While the interventions appear to stabilize the patient's CNS and metabolic parameters, the team remains vigilant for signs of new complications. The potential for aspiration pneumonia, given the altered mental status and respiratory changes, necessitates preventive measures such as ensuring an elevated head-of-bed position and considering swallowing assessments. The clinical picture underscores the need for continuous monitoring and proactive adjustments in the management plan, emphasizing the importance of addressing interconnected systems to optimize recovery and prevent further complications.

Section 5

The patient continues to be closely monitored, and over the next several hours, there is a notable change in his respiratory status. Despite previous stabilization efforts, he begins to exhibit increased respiratory distress. His respiratory rate rises to 28 breaths per minute, and he becomes more tachypneic. Oxygen saturation dips further, ranging between 88-90% even with the nasal cannula delivering 3 liters per minute of oxygen. Auscultation of the lungs reveals decreased breath sounds in the right lower lobe, accompanied by coarse crackles. This clinical presentation raises the suspicion of a developing pulmonary complication, possibly aspiration pneumonia given the patient's recent neurological compromise and altered swallowing function.

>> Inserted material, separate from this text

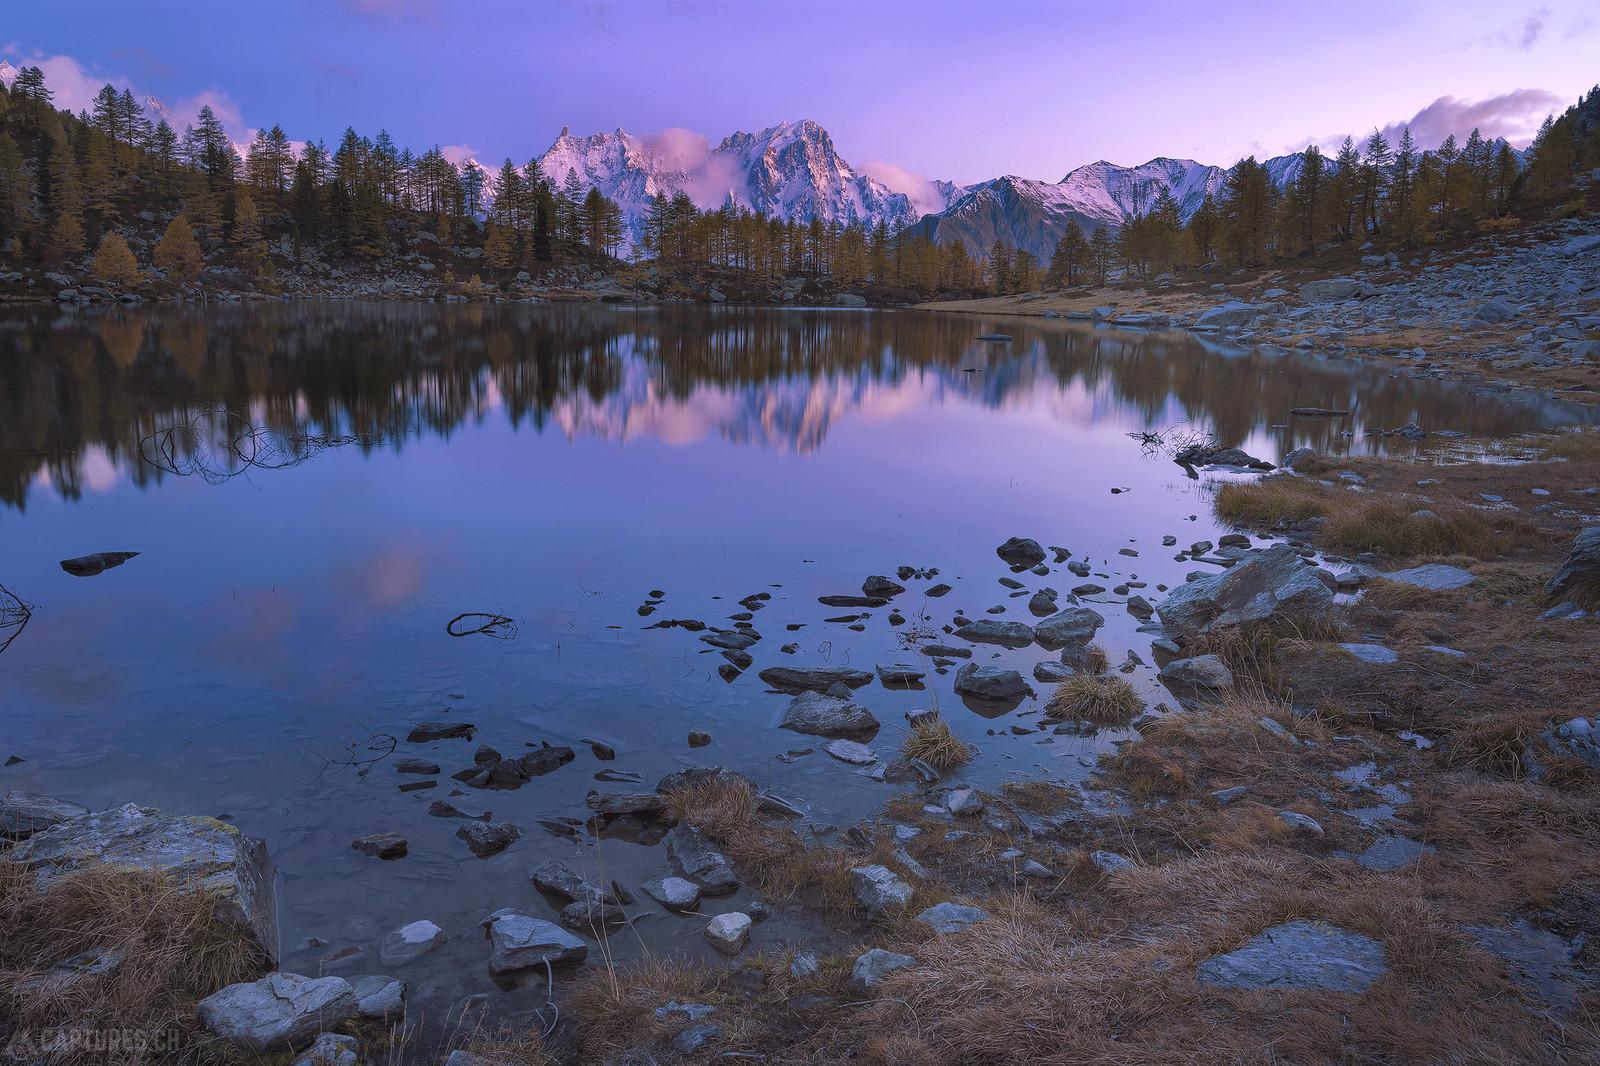 Dawn at the lake - Lago d'Arpy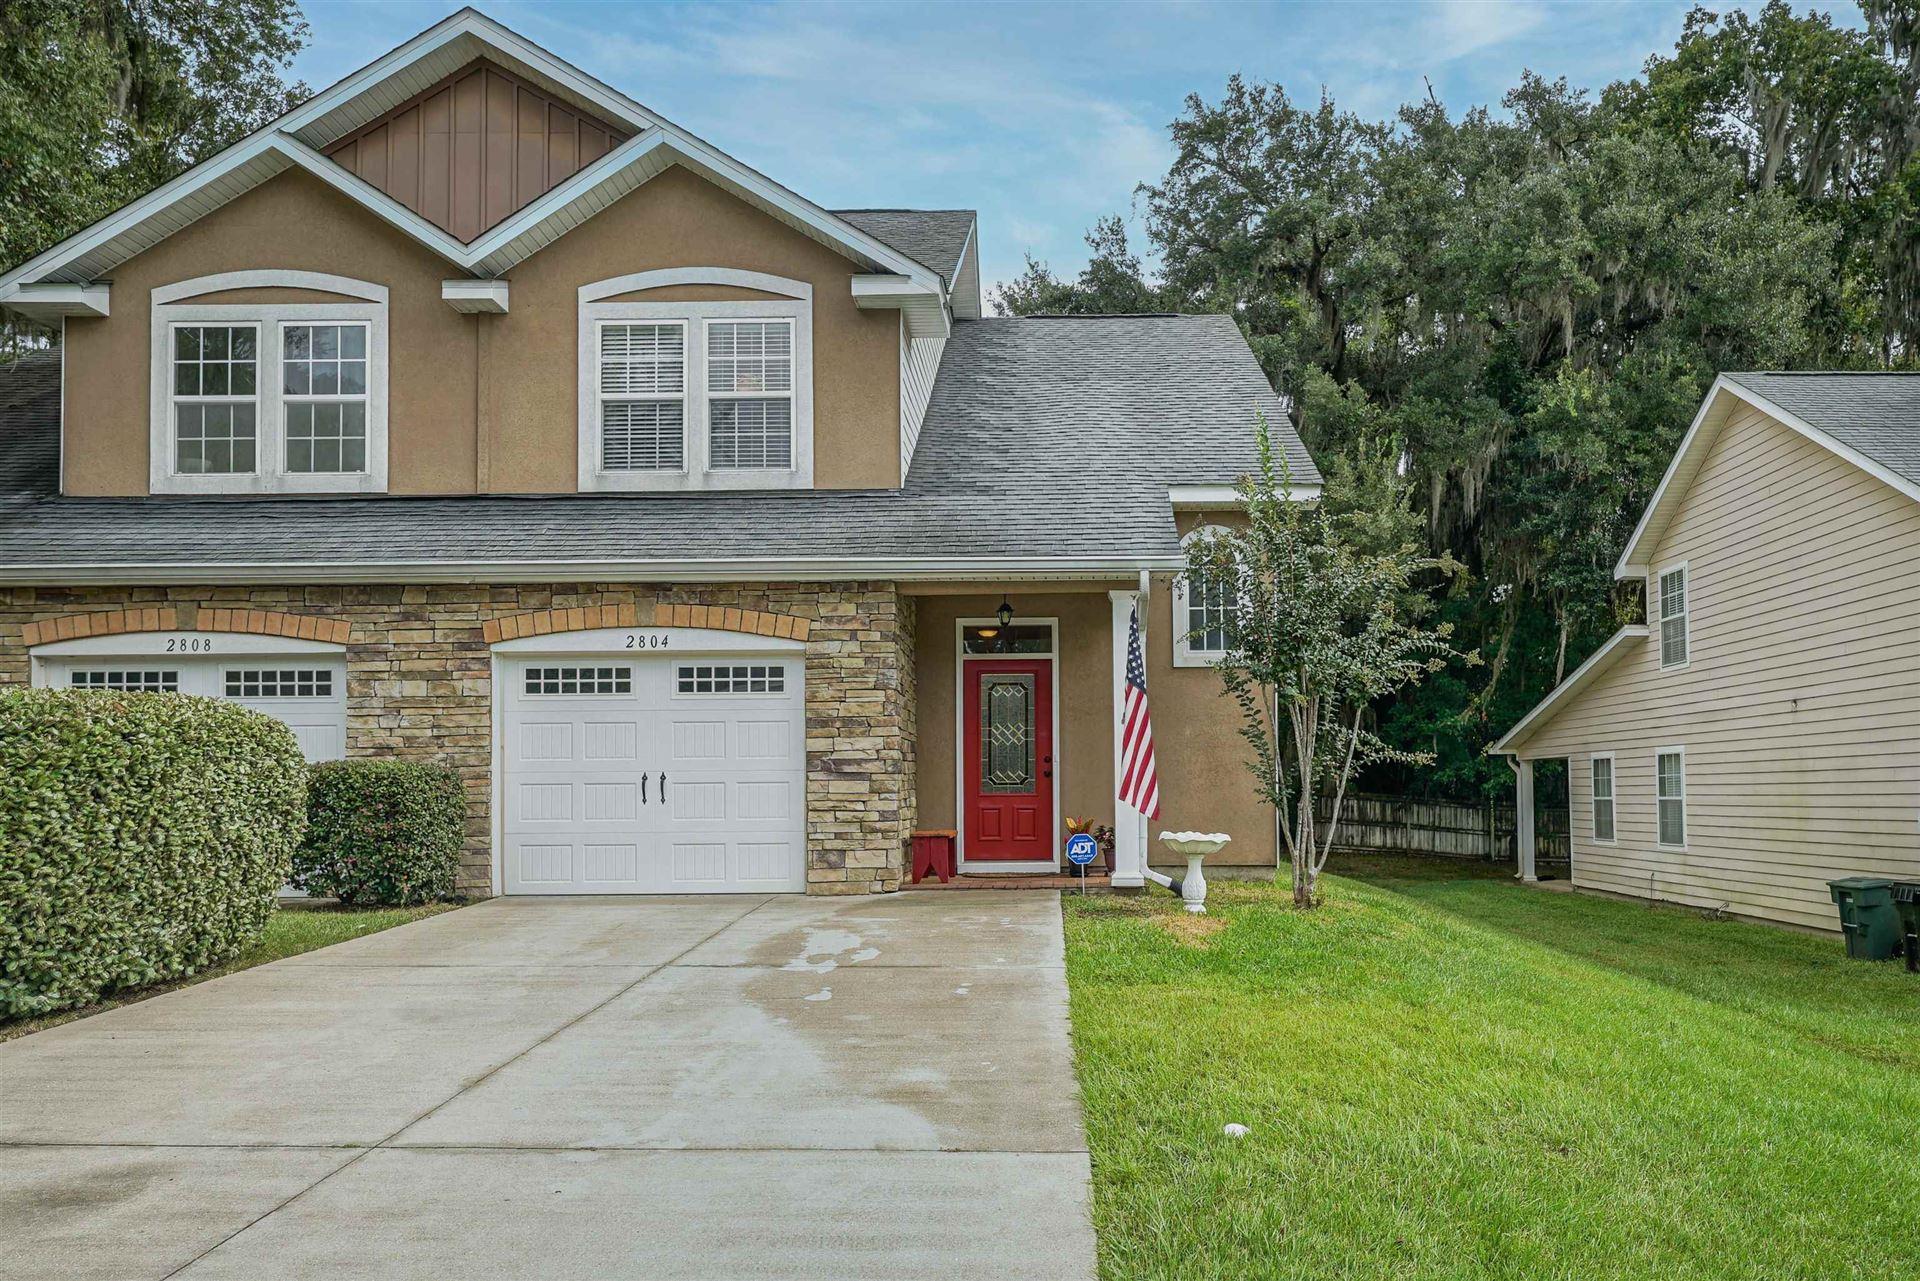 2804 Summer Meadow Drive, Tallahassee, FL 32303 - MLS#: 338174

In response to these findings, the clinical team orders a chest X-ray, which reveals right lower lobe infiltrates consistent with aspiration pneumonia. Laboratory tests show an elevated white blood cell count of 14,000/mm³, indicating a possible infectious process. Given these new diagnostic results, the team initiates empirical antibiotic therapy to target potential pathogens commonly associated with aspiration pneumonia. The fluid management strategy is also adjusted to address the potential for pulmonary edema, balancing the need for adequate hydration with the risk of fluid overload.

This change in the patient's status necessitates a reevaluation of the current care plan. The team prioritizes optimizing respiratory support, including considering non-invasive ventilation options if the patient's oxygenation does not improve. The need for collaborative care becomes evident, with input from respiratory therapists, speech therapists for swallowing assessment, and infectious disease specialists to refine antibiotic therapy. The interconnectedness of the patient's systems highlights the importance of a comprehensive approach to prevent further deterioration and support recovery. The next phase of the patient's journey will focus on stabilizing respiratory function while continuing to monitor for other potential complications.